Of course, there was still the war.  Of course, there was still the past.  And, of course, Maitimo was still as barren and alone as ever.

But he had trouble keeping to the Oath.  When next Kanafinwë begged him to forswear his vows, Maitimo had almost surrendered without thinking of the consequences.  Without thinking of what might happen should the other Silmarilli be uncovered and their way be cleared of an implacable obstacle.  Without even stopping to consider all the options, he had almost agreed.

By the third time Kanafinwë asked, Maitimo had given in to his brother's persistence and patience.

"We are happy, brother.  Content.  You are happy and content; I can see it in your eyes no matter that you try to hide it.  Why deny us that boon?  For the sake of a few glowing stones?"

Maitimo was supposed to be the persuasive one, the expert in rhetoric and debate.  But somehow the thought of the twins--of their upturned, grinning faces covered in sticky jam or smudged with mud from playing in the rain--was more persuasive an argument than any Kanafinwë could have presented with mere words.

(He tried to convince himself that it was a figment of his imagination, this attachment.  They were not his sons--adoptive or otherwise--and he was not their father.)

"I..."

"Please, Nelyafinwë--Maitimo, please consider it."

"I need not consider it, brother."

"But Nelyo--"

"I will forswear our Oath." Even speaking the words had brought such profound relief that his knees would have given out had he not been sitting.  All that weight lifted with ease.  So many lives saved.  So many innocents whose blood would never run into the earth, testament to the crimes of his House and his brothers.

"I will..."

Stubbornly, Maitimo persisted with his grumpiness and antisocial tendencies.  Still, he avoided being alone with the little ones and chose to keep an eye on them from far away.

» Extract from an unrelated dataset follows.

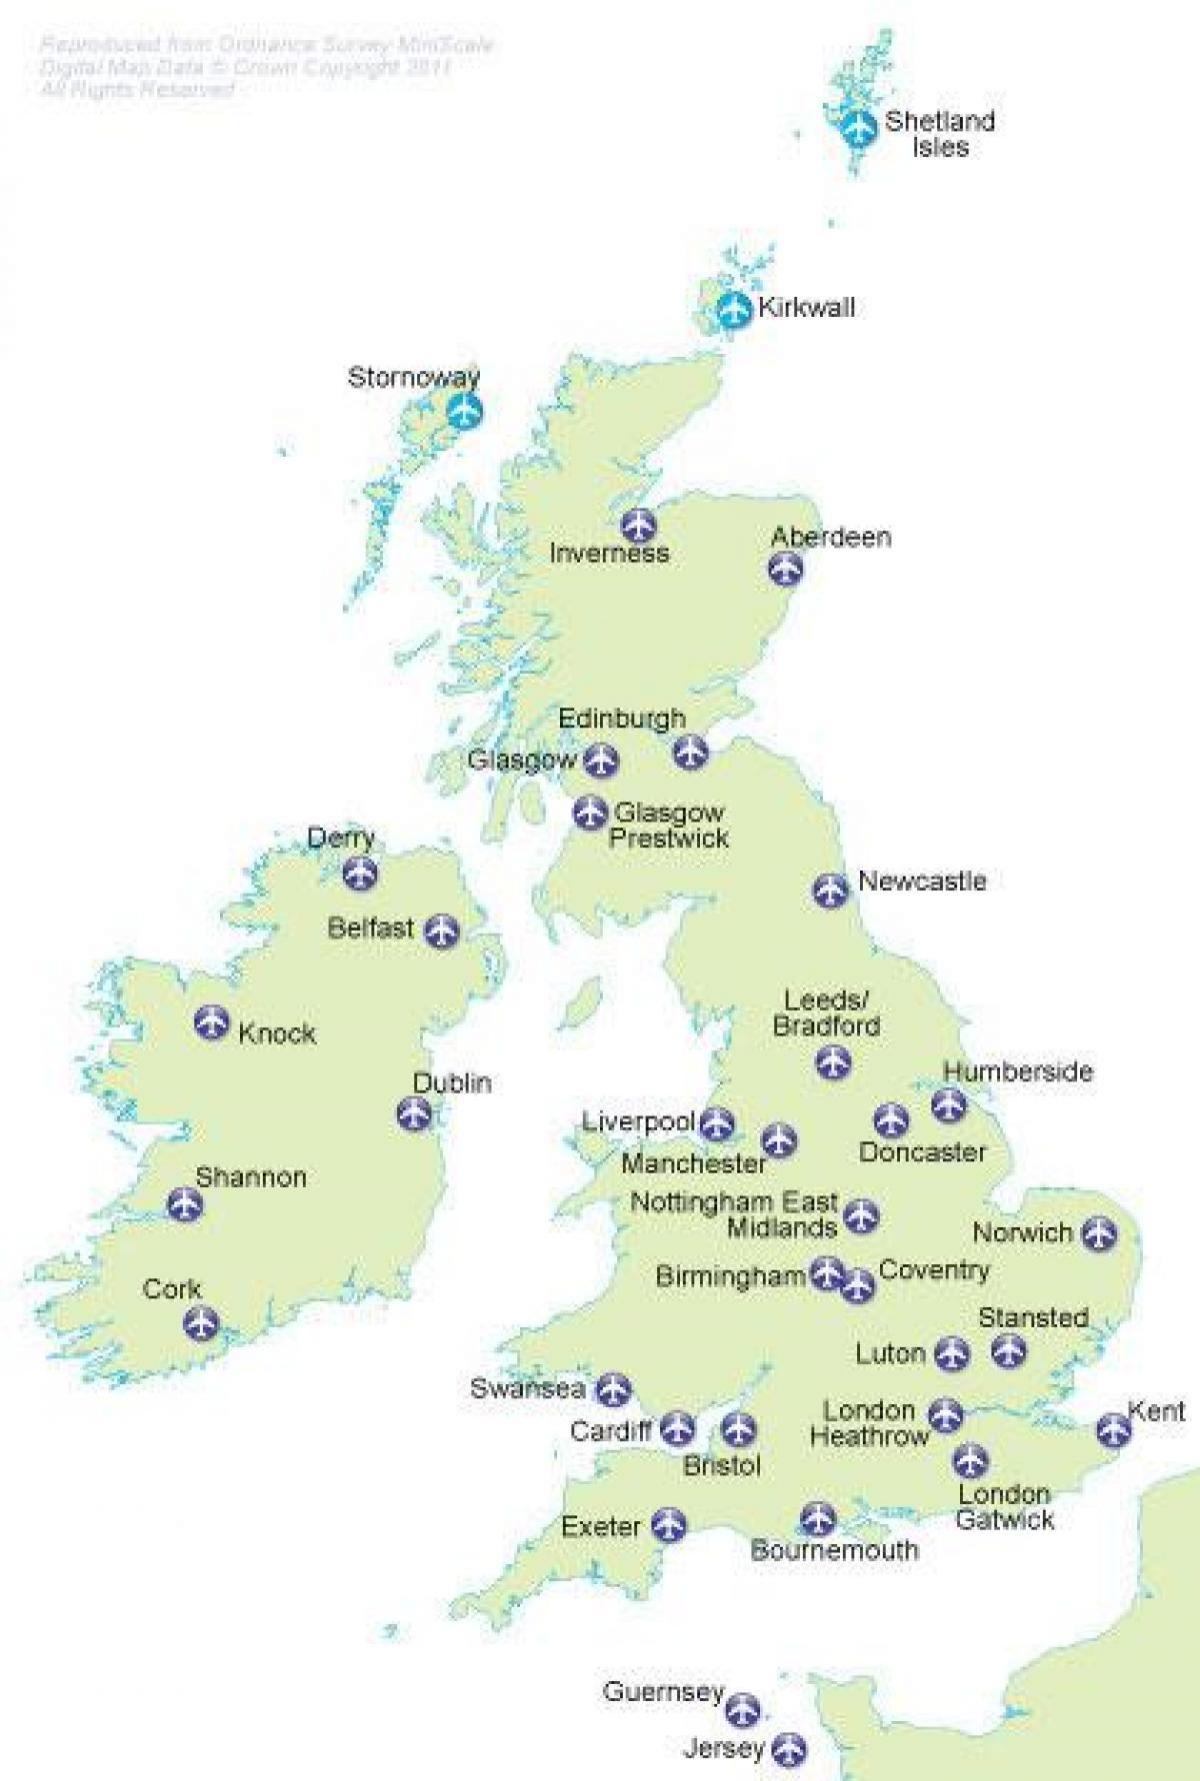 Map of United Kingdom (UK) airports

All the while telling himself that they were not his.  Telling himself that, one day, he would be able to let them go and life would reorient itself.  Re-establish the pattern that for so long had been cultivated.  Bring him back to the brink of desperation and insanity as though he had never strayed from its path.

(Except they were his.  As much as any child of blood would have been.  And, in the dark of night, he knew he would not be able to let them go.